If broader Medicare reform stalls, Mr Bush is likely to have a fall-back
programme for prescription drug coverage - a measure that political advisers
see as the bare minimum. "There is nobody in this arena that's going to
argue against prescription drug benefits because of the clout of seniors,"
says Chris Hansen, associate executive director of AARP, a lobby group for
senior citizens.

Yet even this more limited reform would require the administration to
navigate between the grey lobby, the pharmaceuticals industry and the
government's budgetary constraints.

For a start, there is the question of resources. While a bill introduced
last year in the Senate, which is still supported by many congressional
Republicans, would cost about $370bn over 10 years, many Democrats have
called for the government to spend double that amount.

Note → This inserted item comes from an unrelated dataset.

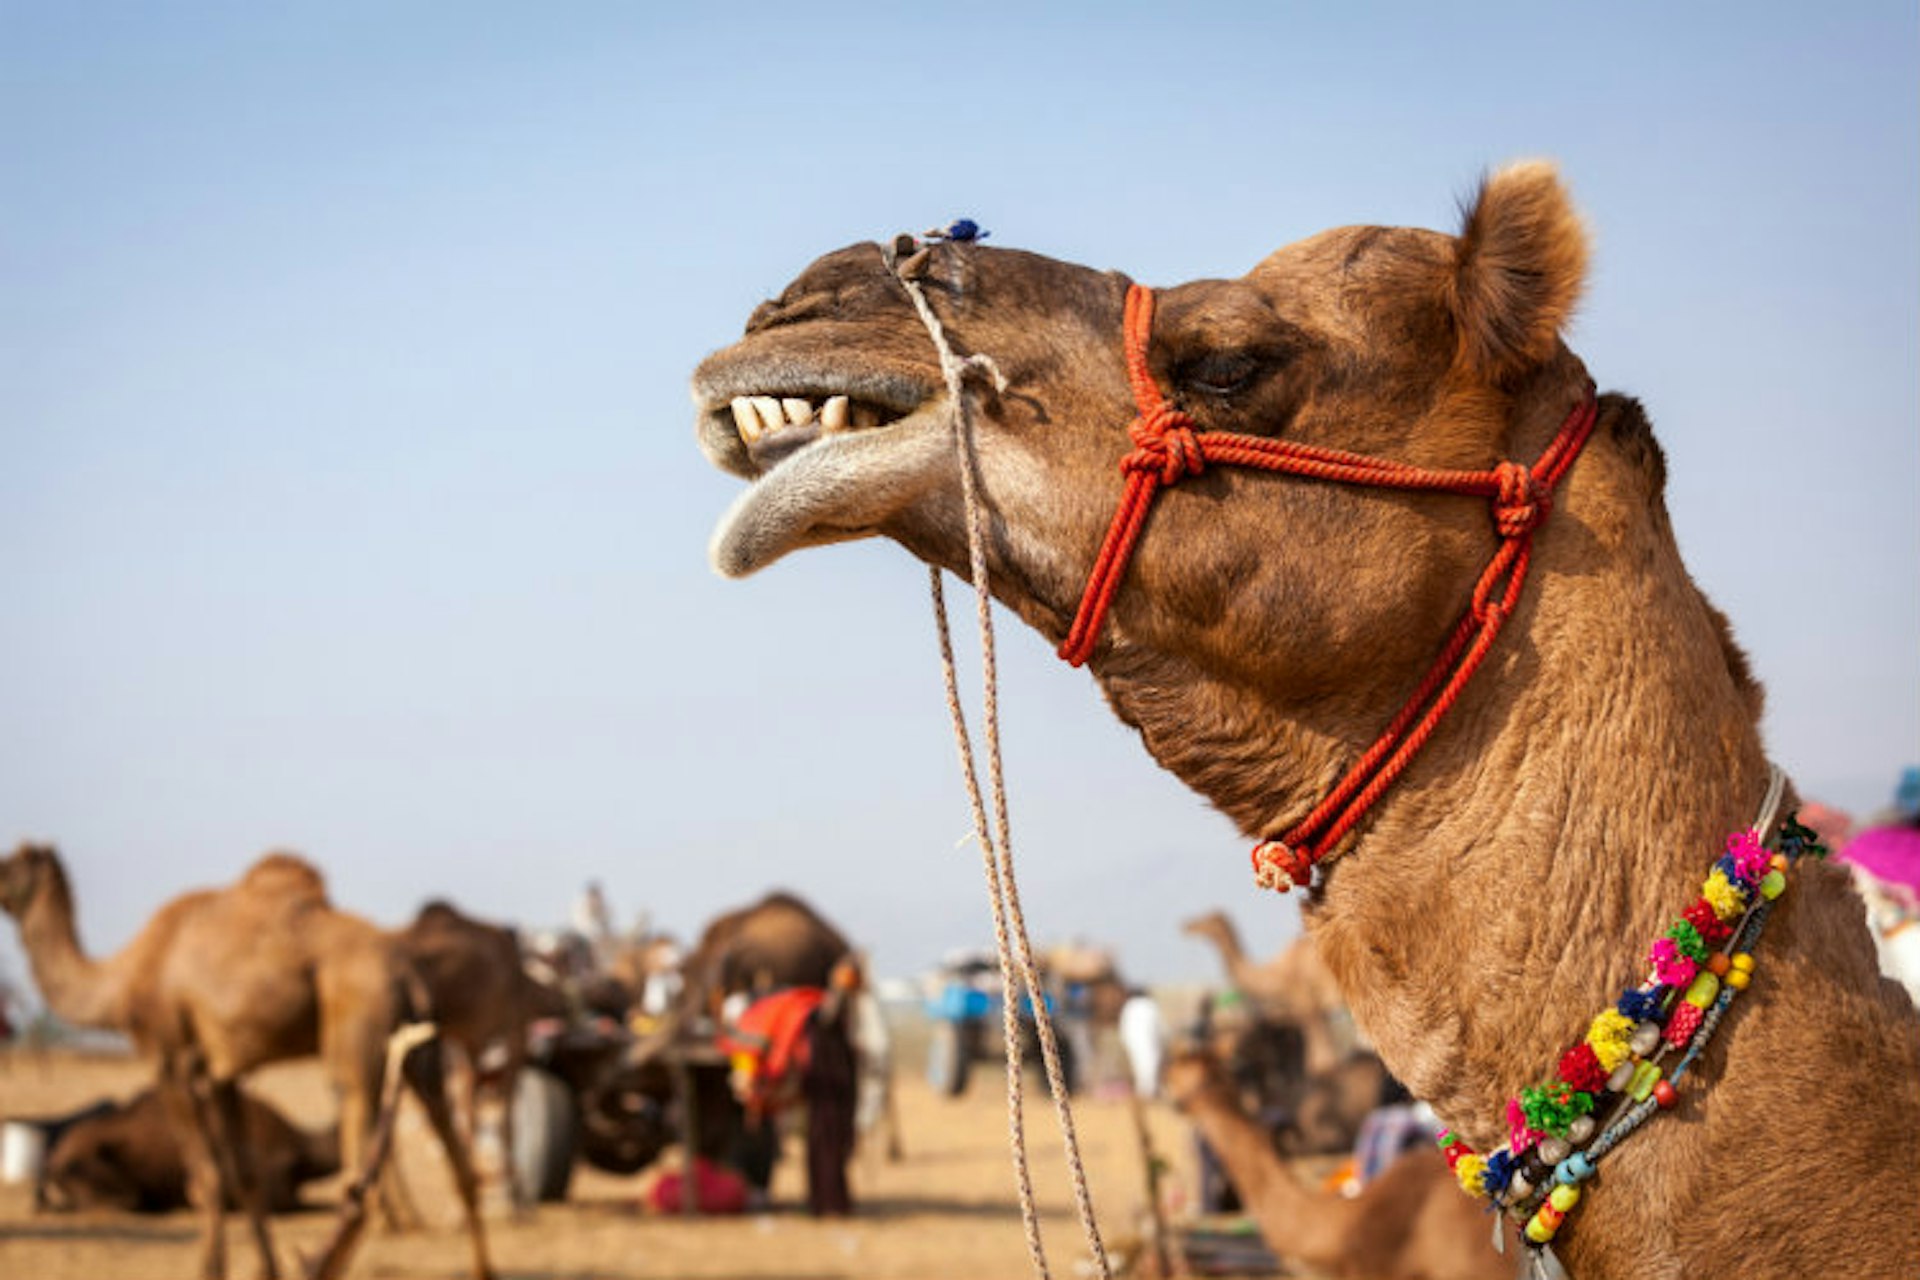 Camel at Pushkar camel fair, Rajasthan, India.

Another idea being discussed in Washington is a more limited drugs benefit
that would provide assistance to elderly people on low incomes but would not
extend coverage to all Medicare members. But at a time when Mr Bush is
pushing for another round of huge tax cuts, he could face a political
backlash from the elderly if his plan appeared miserly.

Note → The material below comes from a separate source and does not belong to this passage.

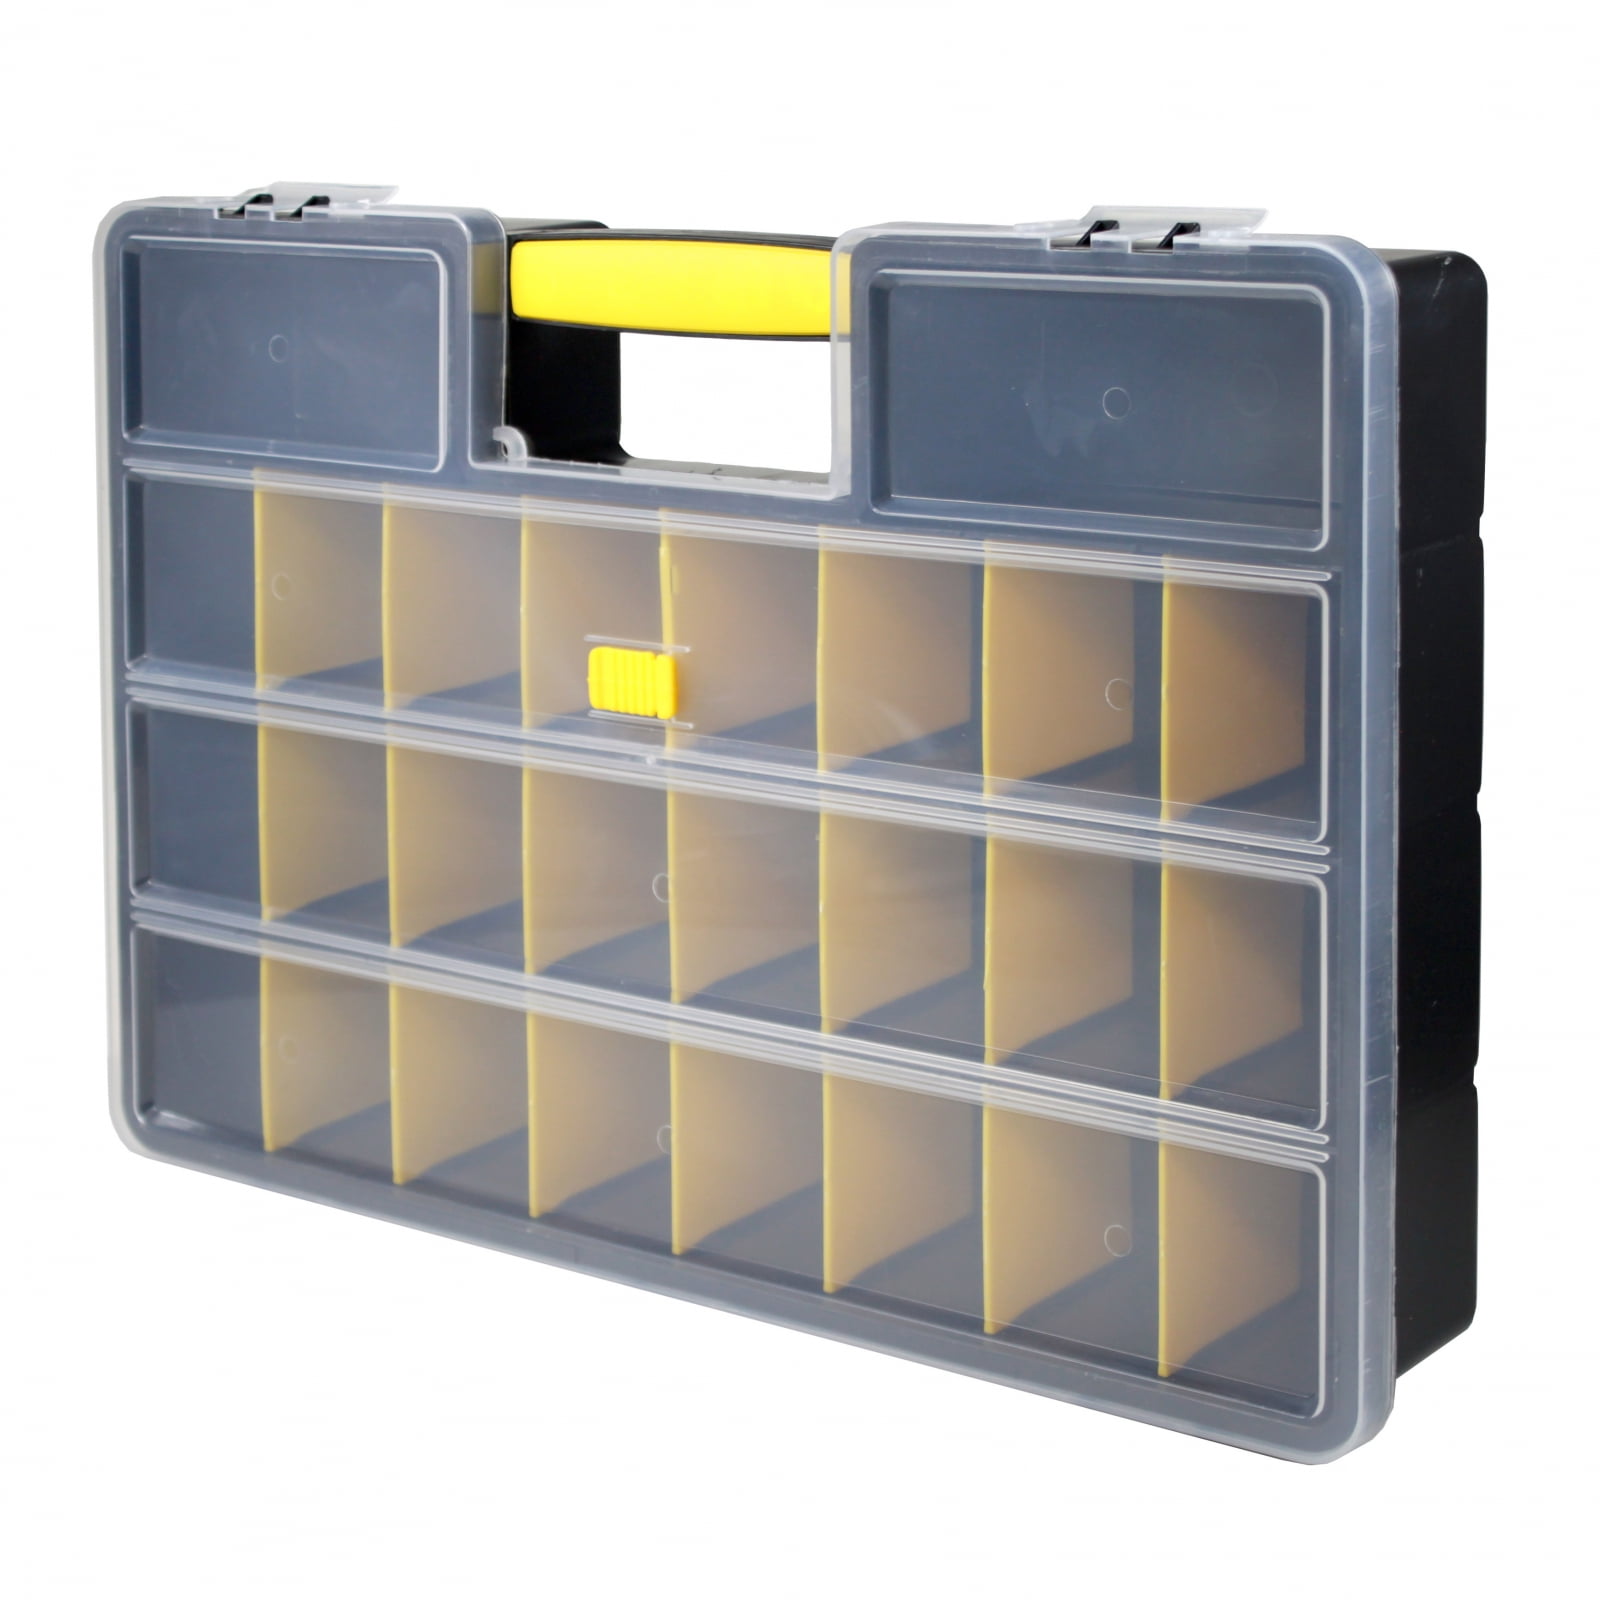 Hobby Craft Storage Toolbox Multi-Section Tool Organizer

There is also a substantial difference of opinion between the parties over
how the issue should be tackled. Many Democrats want to extend the Medicare
bureaucracy and use its power as a huge purchaser to squeeze more discounts
on drugs. This brings them into direct conflict with the pharmaceuticals
industry, for which drug pricing is a vital issue. The US accounts for more
than half the profits of the main pharmaceuticals companies and is one of
its fastest-growing markets. And the industry is a powerful political force
- Public Citizen, a consumer watchdog, estimates that it employed 623
lobbyists last year.

In the past, the industry has opposed all attempts to include drug coverage
under Medicare, seeing it as a threat to profitability. That position began
to change, however, in the late 1990s when the industry found itself under
increasing attack for "gouging" pensioners. Many executives now view
Medicare reform as a means of removing the industry from the political line
of fire.

"Drugs account for about 9 per cent of healthcare costs but they're seen as
100 per cent of the problem," says Hank McKinnell, chairman of Pfizer. "We
can't possibly be 100 per cent of the problem. I think now is the time for
some new thinking."

Indeed, the industry could emerge as a big winner of Medicare reform.
Although companies would probably have to offer substantial discounts to the
programme itself, the increased volume could boost total revenues.
Additionally, the introduction of a Medicare drugs benefit might lead some
patients to trade up from old, cheaper medicines to the new generation of
branded drugs, such as the Cox-2 painkillers that are now commonly used to
treat arthritis.

Goldman Sachs has calculated that a Medicare drug benefit could boost sales
by up to $35bn a year and add $14bn to annual profits.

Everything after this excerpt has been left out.